Интегрированный рабочий процесс идентификации и количественной оценки нецелевого метаболома на основе контроля FDR

Этот протокол позволяет проводить качественный и количественный анализ нецелевого метаболома на основе контроля качества FDR, что эффективно снижает ложноположительные результаты идентификации метаболитов. Этот рабочий процесс интегрирует XY-Meta, который использует стратегию target-decoy для более точной оценки FDR для идентификации метаболома в модуле качественного анализа. Эта мера может эффективно фильтровать ложноположительные результаты нецелевой идентификации метаболомов, что повышает надежность обнаружения биомаркеров или ключевых молекул.
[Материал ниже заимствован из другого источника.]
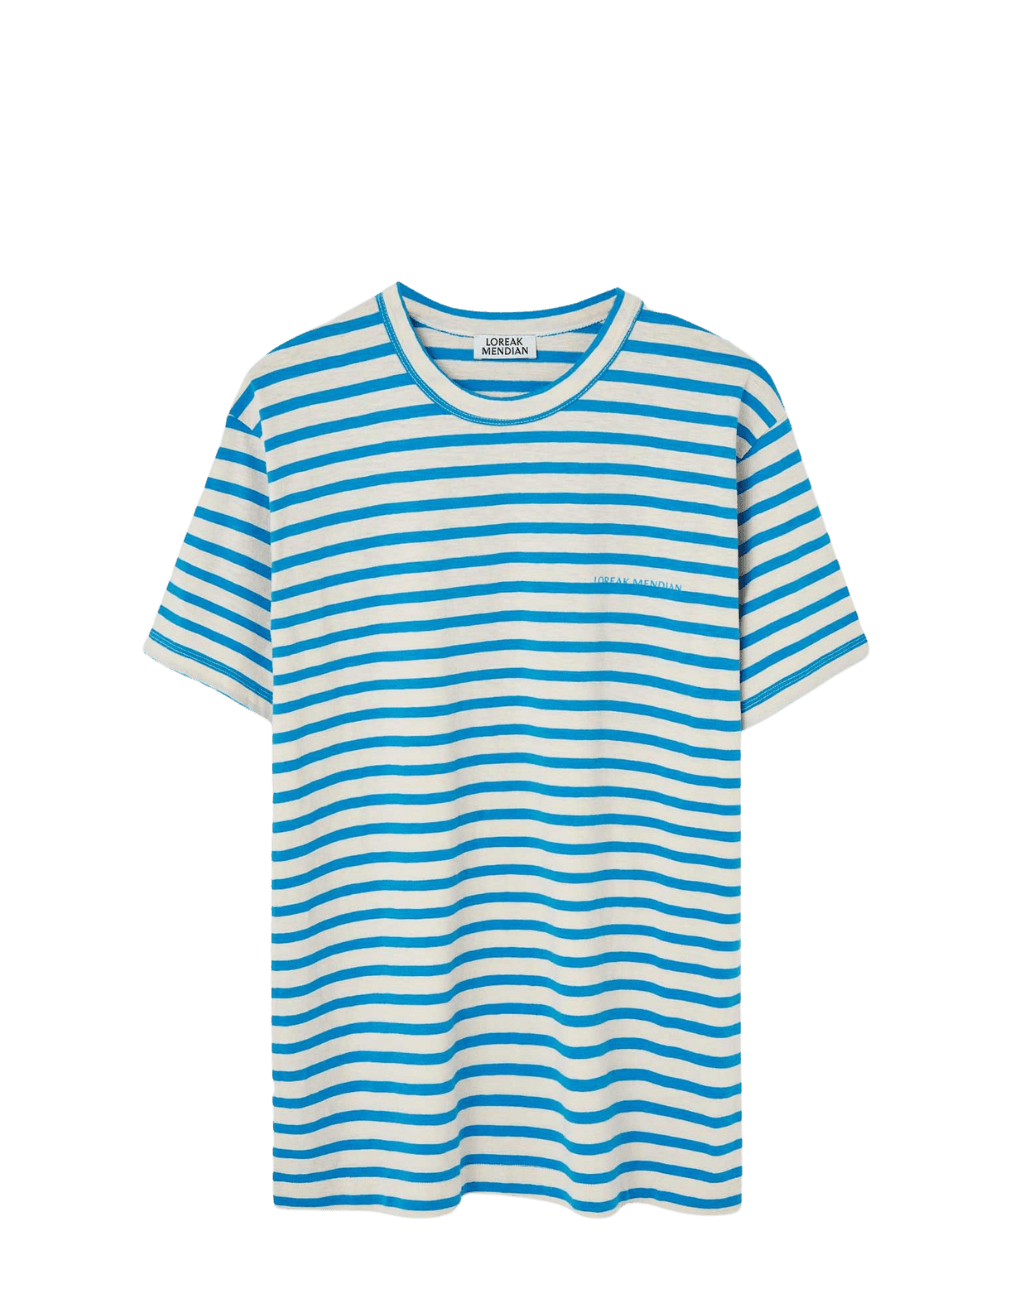 Camiseta Loreak Mendian Aingura M SS Off White Blue - ECRU

Мы ожидаем, что исследователи смогут понять и освоить стратегию target-decoy для управления FDR и должны попытаться строго запустить этот конвейер несколько раз с параметрами протокола по умолчанию. Начните с перехода на веб-страницу базы данных GNPS и нажмите кнопку Обзор наборов данных. Найдите ключевое слово в столбце заголовка, затем щелкните идентификационный номер набора данных.

Загрузите набор данных с помощью FTP и сохраните необработанные данные в соответствующей папке. Чтобы преобразовать формат необработанных данных, сначала установите программное обеспечение ProteoWizard. В поле Путь установки ProteoWizard введите msconvert.

exe, за которым следуют конкретные параметры для преобразования формата необработанных данных в формат mzXML. Опять же, используя msconvert. exe преобразуйте эти данные в формат MGF и сохраните их в папке MGF.

Чтобы подготовить справочную спектральную библиотеку для метаболитов, перейдите на веб-страницу GNPS. Выполните поиск по ключевому слову NIST, нажмите кнопку Просмотр для получения подробной информации и загрузите библиотеку. Сохраните библиотеку в папке базы данных.

Загрузите программу XY-Meta. Найдите файл конфигурации параметров в папке config и измените его содержимое, как описано в текстовом протоколе. Задайте тип adducts в виде списка в папке adduct.

Выполните идентификацию метаболитов и контроль скорости ложного обнаружения с помощью команды XY-Meta.exe. Загрузите и установите пакет программного обеспечения metaX. Затем отредактируйте список образцов.

txt для указания образца и соответствующих ему масс-спектрометрических данных, как описано в текстовом протоколе. Используйте файл R, поставляемый с текстовым протоколом, для запуска скрипта для количественной оценки групп Mock и wild-type с помощью программного обеспечения metaX. Проверьте выходную папку, в которой хранятся результаты количественного анализа, например график PCA.

Затем измените параметры в скрипте R, чтобы аннотировать пики в качественном и количественном анализе с использованием идентификации метаболитов, чтобы интегрировать как результаты, так и запустить скрипт R. Коробчатые графики количественных метаболитов показали, что общее распределение здоровых и больных образцов было сходным с низким колебанием средних значений. Только 3,39% метаболитов имели более 30% недостающих значений.

Принципиальный компонентный анализ графика образцов из обеих групп показал, что metaX заметно увеличил долю метаболитов с CV менее 0,3. Диаграмма Венна дифференциально обнаруженных метаболитов из трех статистических методов испытаний выявила 119 общих метаболитов. Время удержания и массу по распределению заряда всех аннотированных метаболитов строили с коэффициентом ложного обнаружения менее 0,01, показывая шесть значимых и дифференциально обнаруженных метаболитов.

Важно ограничить время тестирования рабочего процесса. Помните, чтобы не отбирать слишком много образцов для анализа и держать не менее двух образцов в каждой группе. Этот метод позволяет контролировать качество метаболизированной идентификации по данным независимого сбора данных, создавая более надежную спектральную библиотеку эталонного спектра с использованием результатов сопоставления спектра, основанных на контроле FDR.